Copy out the entries below exactly as they stand, but only from the line containing "Yoona thay liền" through the line containing "Plan Architectural D'une".

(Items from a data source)
▬▬▬▬▬▬▬▬▬▬

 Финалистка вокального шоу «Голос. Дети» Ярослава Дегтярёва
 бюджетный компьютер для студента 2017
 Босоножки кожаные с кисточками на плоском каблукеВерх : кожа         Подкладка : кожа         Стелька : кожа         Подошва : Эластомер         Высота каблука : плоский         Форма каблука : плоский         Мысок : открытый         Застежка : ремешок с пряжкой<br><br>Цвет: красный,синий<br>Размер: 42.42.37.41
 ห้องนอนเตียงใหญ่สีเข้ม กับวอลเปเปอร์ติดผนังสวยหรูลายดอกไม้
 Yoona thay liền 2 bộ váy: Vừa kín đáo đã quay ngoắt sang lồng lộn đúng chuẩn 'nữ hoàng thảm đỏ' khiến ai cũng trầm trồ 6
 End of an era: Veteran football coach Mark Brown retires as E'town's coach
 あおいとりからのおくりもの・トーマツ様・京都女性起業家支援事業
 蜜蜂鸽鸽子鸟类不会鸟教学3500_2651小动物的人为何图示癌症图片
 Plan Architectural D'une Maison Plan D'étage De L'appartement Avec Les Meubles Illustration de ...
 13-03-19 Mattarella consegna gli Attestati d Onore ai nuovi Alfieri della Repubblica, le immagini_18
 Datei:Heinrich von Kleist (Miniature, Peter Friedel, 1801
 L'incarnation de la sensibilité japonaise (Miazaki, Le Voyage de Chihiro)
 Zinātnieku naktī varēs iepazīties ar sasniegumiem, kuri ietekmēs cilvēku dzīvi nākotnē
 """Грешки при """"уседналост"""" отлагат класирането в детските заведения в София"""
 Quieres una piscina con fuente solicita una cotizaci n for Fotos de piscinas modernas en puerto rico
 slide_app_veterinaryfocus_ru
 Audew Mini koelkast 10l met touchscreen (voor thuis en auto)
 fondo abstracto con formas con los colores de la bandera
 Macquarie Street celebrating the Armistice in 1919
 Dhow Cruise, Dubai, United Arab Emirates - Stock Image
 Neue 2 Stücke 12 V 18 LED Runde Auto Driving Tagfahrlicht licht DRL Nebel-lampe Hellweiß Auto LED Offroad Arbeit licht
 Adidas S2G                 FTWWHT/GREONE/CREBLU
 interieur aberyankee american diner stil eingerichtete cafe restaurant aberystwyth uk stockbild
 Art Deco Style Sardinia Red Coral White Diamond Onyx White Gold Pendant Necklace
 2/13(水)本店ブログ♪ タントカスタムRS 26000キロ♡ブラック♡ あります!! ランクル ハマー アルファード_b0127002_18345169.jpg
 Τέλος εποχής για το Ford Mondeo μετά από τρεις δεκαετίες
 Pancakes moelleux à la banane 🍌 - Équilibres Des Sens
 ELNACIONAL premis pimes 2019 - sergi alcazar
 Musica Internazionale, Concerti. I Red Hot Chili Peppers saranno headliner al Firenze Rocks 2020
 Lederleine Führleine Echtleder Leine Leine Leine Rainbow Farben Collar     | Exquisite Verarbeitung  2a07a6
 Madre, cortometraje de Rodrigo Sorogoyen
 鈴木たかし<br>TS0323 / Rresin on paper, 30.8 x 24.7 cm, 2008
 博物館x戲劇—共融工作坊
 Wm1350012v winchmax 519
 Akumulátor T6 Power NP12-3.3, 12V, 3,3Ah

▬▬▬▬▬▬▬▬▬▬

## Exercise answer
 Yoona thay liền 2 bộ váy: Vừa kín đáo đã quay ngoắt sang lồng lộn đúng chuẩn 'nữ hoàng thảm đỏ' khiến ai cũng trầm trồ 6
 End of an era: Veteran football coach Mark Brown retires as E'town's coach
 あおいとりからのおくりもの・トーマツ様・京都女性起業家支援事業
 蜜蜂鸽鸽子鸟类不会鸟教学3500_2651小动物的人为何图示癌症图片
 Plan Architectural D'une Maison Plan D'étage De L'appartement Avec Les Meubles Illustration de ...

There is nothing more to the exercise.